IV. That upon this encouragement he made a long stay there (v. 11): He continued at Corinth a year and six months, not to take his ease, but to follow his work, teaching the word of God among them; and, it being a city flocked to from all parts, he had opportunity there of preaching the gospel to strangers, and sending notice of it thence to other countries. He staid so long, 1. For the bringing in of those that were without. Christ had many people there, and by the power of his grace he could have had them all converted in one month or week, as at the first preaching of the gospel, when thousands were enclosed at one cast of the net; but God works variously. The people Christ has at Corinth must be called in by degrees, some by one sermon, others by another; we see not yet all things put under Christ. Let Christ’s ministers go on in their duty, though their work be not done all at once; nay, though it be done but a little at a time. 2. For the building up of those that were within. Those that are converted have still need to be taught the word of God, and particular need at Corinth to be taught it by Paul himself; for no sooner was the good seed sown in that field than the enemy came and sowed tares, the false apostles, those deceitful workers, of whom Paul in his epistles to the Corinthians complains so much. When the hands of Jewish persecutors were tied, who were professed enemies to the gospel, Paul had a more vexatious trouble created him, and the church more mischievous damage done it, by the tongue of judaizing preachers, who, under colour of the Christian name, undermined the very foundations of Christianity. Soon after Paul came to Corinth, it is supposed, he wrote the first epistle to the Thessalonians, which in order of time was the first of all the epistles he wrote by divine inspiration; and the second epistle to the same church was written not long after. Ministers may be serving Christ, and promoting the great ends of their ministry, by writing good letters, as well as by preaching good sermons.

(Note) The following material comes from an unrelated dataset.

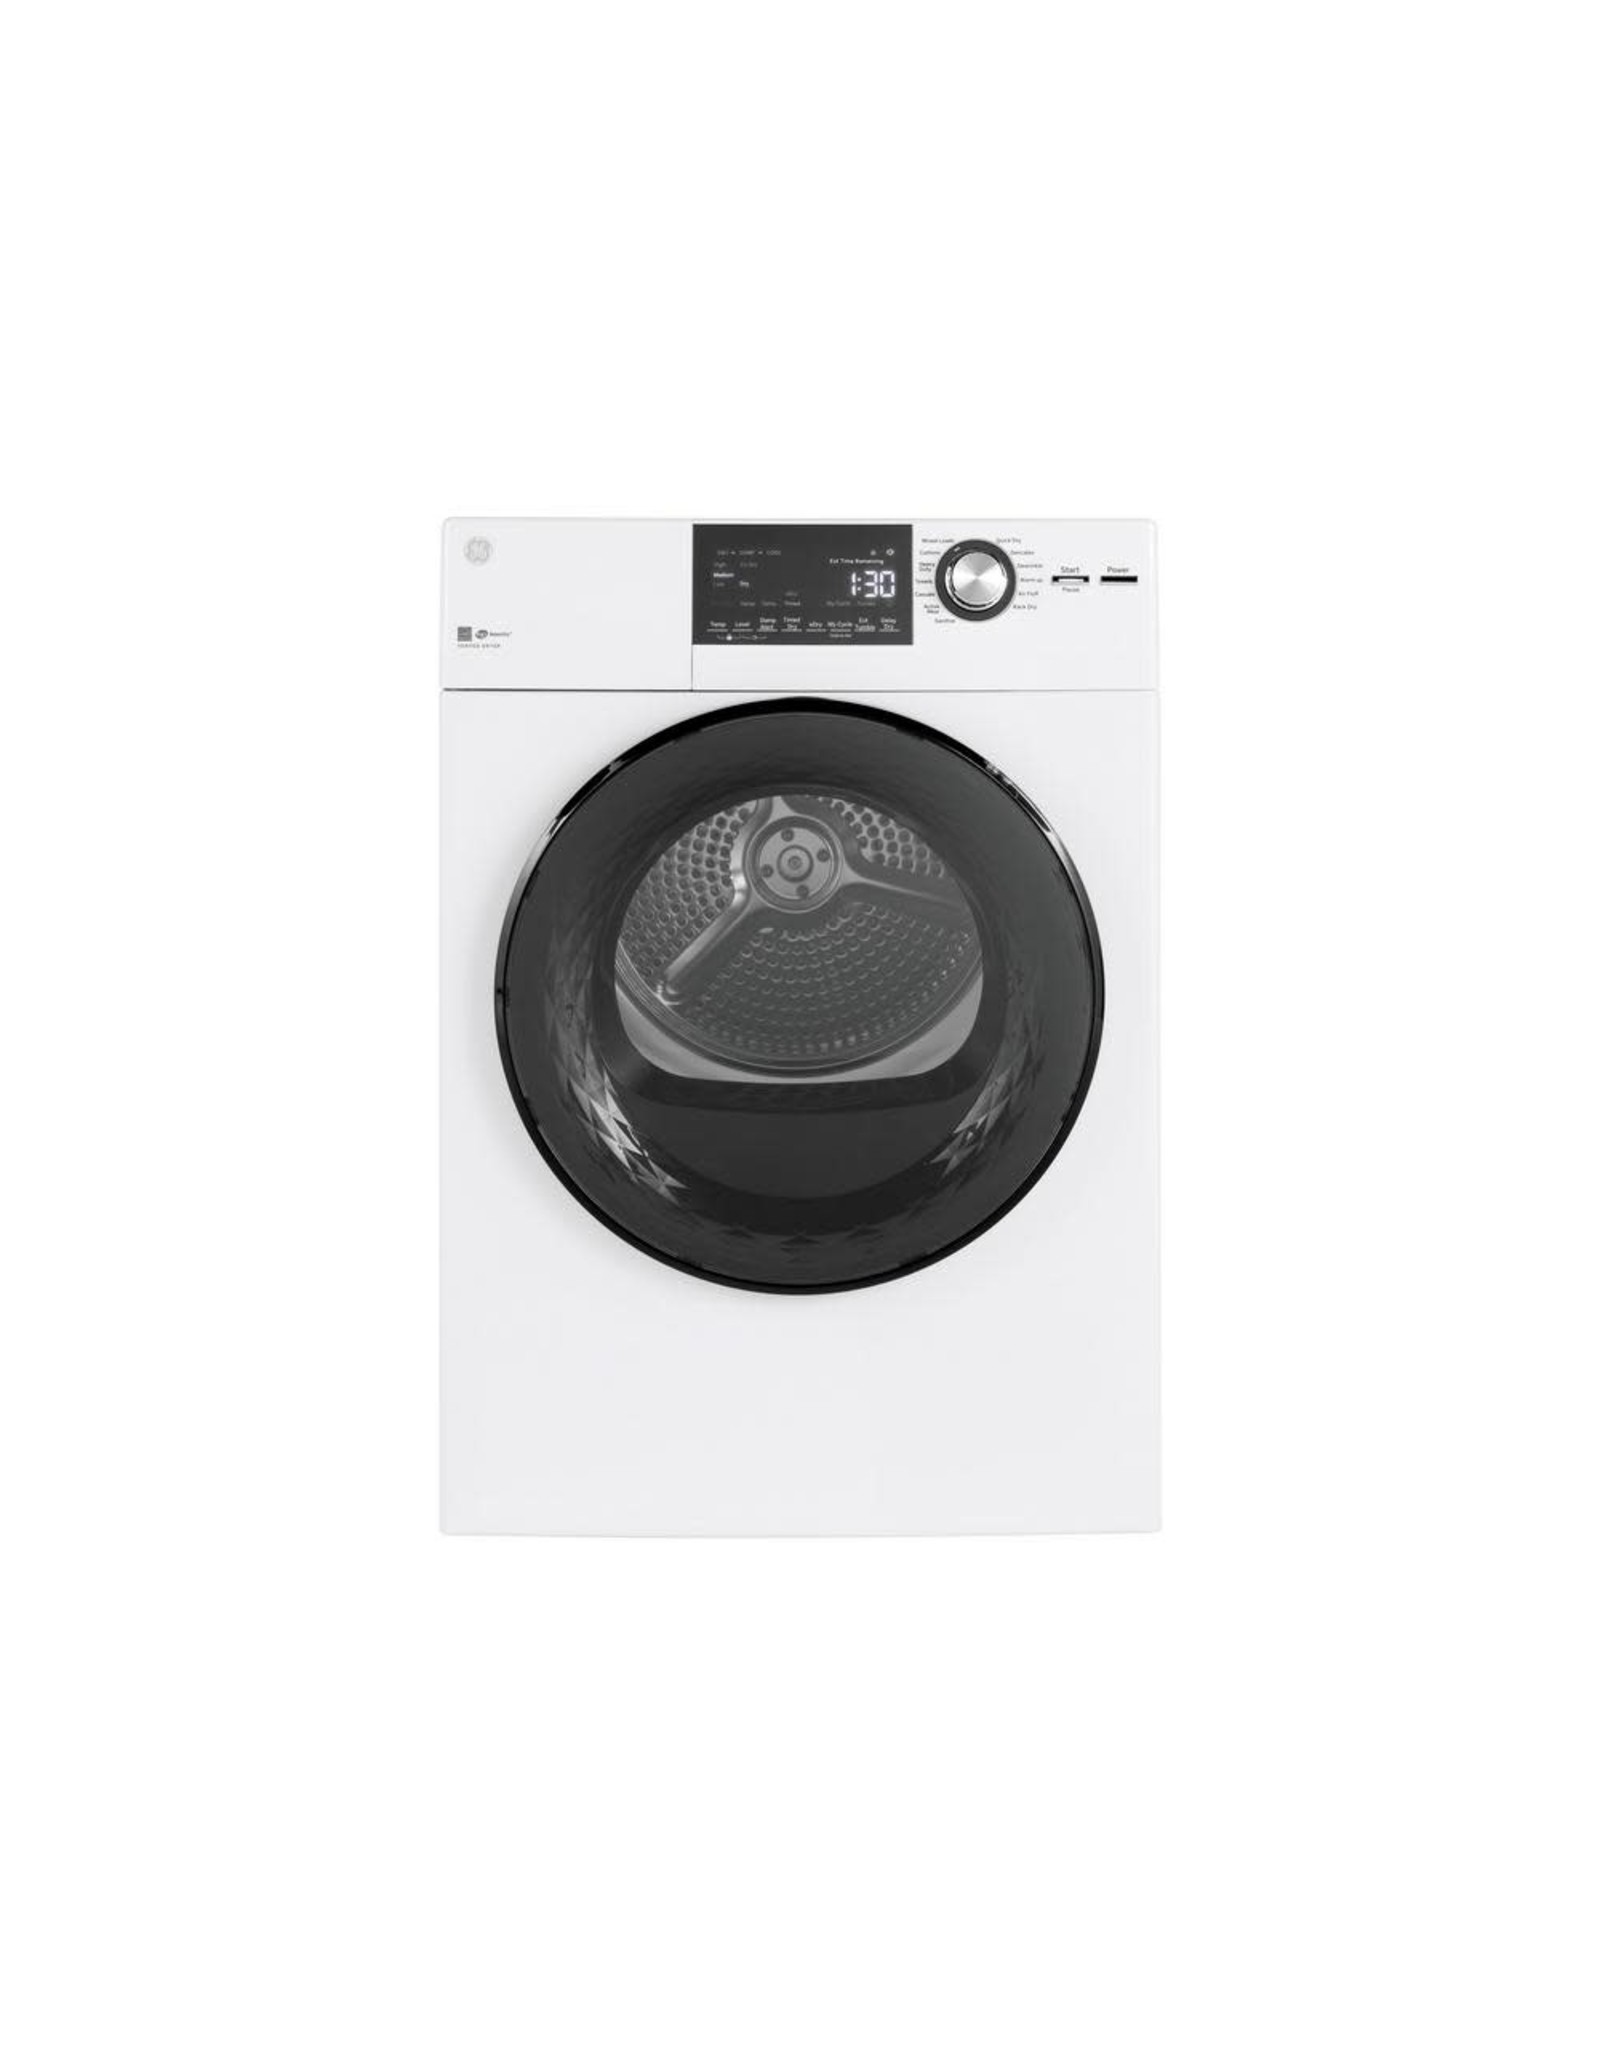 GFD14ESSN2W GE 4.3 cu. ft. 240 Volt White Electric Dryer with Stainless Steel Basket, ENERGY STAR

And when Gallio was the deputy of Achaia, the Jews made insurrection with one accord against Paul, and brought him to the judgment seat,
We have here an account of some disturbance given to Paul and his friends at Corinth, but no great harm done, nor much hindrance given to the work of Christ there.

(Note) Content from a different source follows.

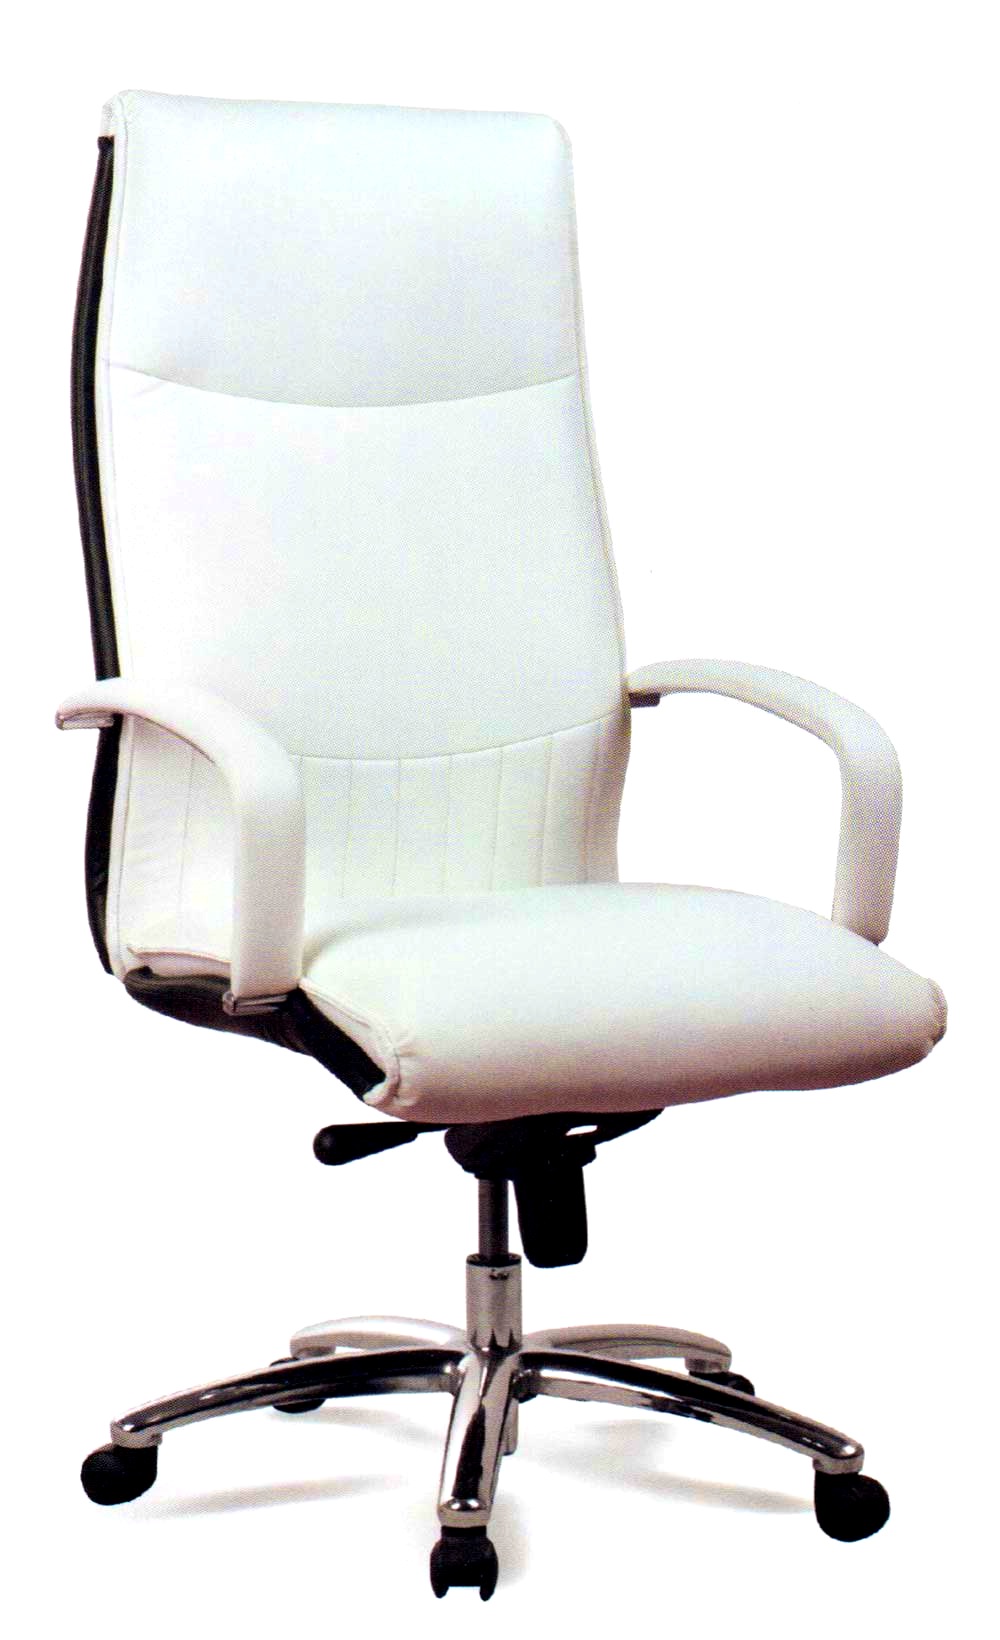 target desk chair target office chairs dazzling decor on target office chairs

I. Paul is accused by the Jews before the Roman governor, v. 12, 13. The governor was Gallio, deputy of Achaia, that is, proconsul; for Achaia was a consular province of the empire. This Gallio was elder brother to the famous Seneca; in his youth he was called Novatus, but took the name of Gallio upon his being adopted into the family of Julius Gallio; he is described by Seneca, his brother, to be a man of great ingenuous and great probity, and a man of wonderful good temper; he was called Dulcis Gallio—Sweet Gallio, for his sweet disposition; and is said to have been universally beloved. Now observe, 1. How rudely Paul is apprehended, and brought before Gallio; The Jews made insurrection with one accord against Paul. They were the ringleaders of all the mischief against Paul, and they entered into a confederacy to do him a mischief. They were unanimous in it: they came upon him with one accord; hand joined in hand to do this wickedness. They did it with violence and fury: They made an insurrection to the disturbance of the public peace, and hurried Paul away to the judgment-seat, and, for aught that appears, allowed him no time to prepare for his trial. 2. How falsely Paul is accused before Gallio (v. 13): This fellow persuades men to worship God contrary to the law. They could not charge him with persuading men not to worship God at all, or to worship other gods (Deu. 13:2): but only to worship God in a way contrary to the law. The Romans allowed the Jews in their provinces the observance of their own law; and what then? Must those therefore be prosecuted as criminals who worship God in any other way? Does their toleration include a power of imposition? But the charge was unjust; for their own law had in it a promise of a prophet whom God would raise up to them, and him they should hear. Now Paul persuaded them to believe in this prophet, who was come, and to hear him, which was according to the law; for he came not to destroy the law, but to fulfil it. The law relating to the temple-service those Jews at Corinth could not observe, because of their distance from Jerusalem, and there was no part of their synagogue-worship which Paul contradicted. Thus when people are taught to worship God in Christ, and to worship him in the Spirit, they are ready to quarrel, as if they were taught to worship him contrary to the law; whereas this is indeed perfective of the law.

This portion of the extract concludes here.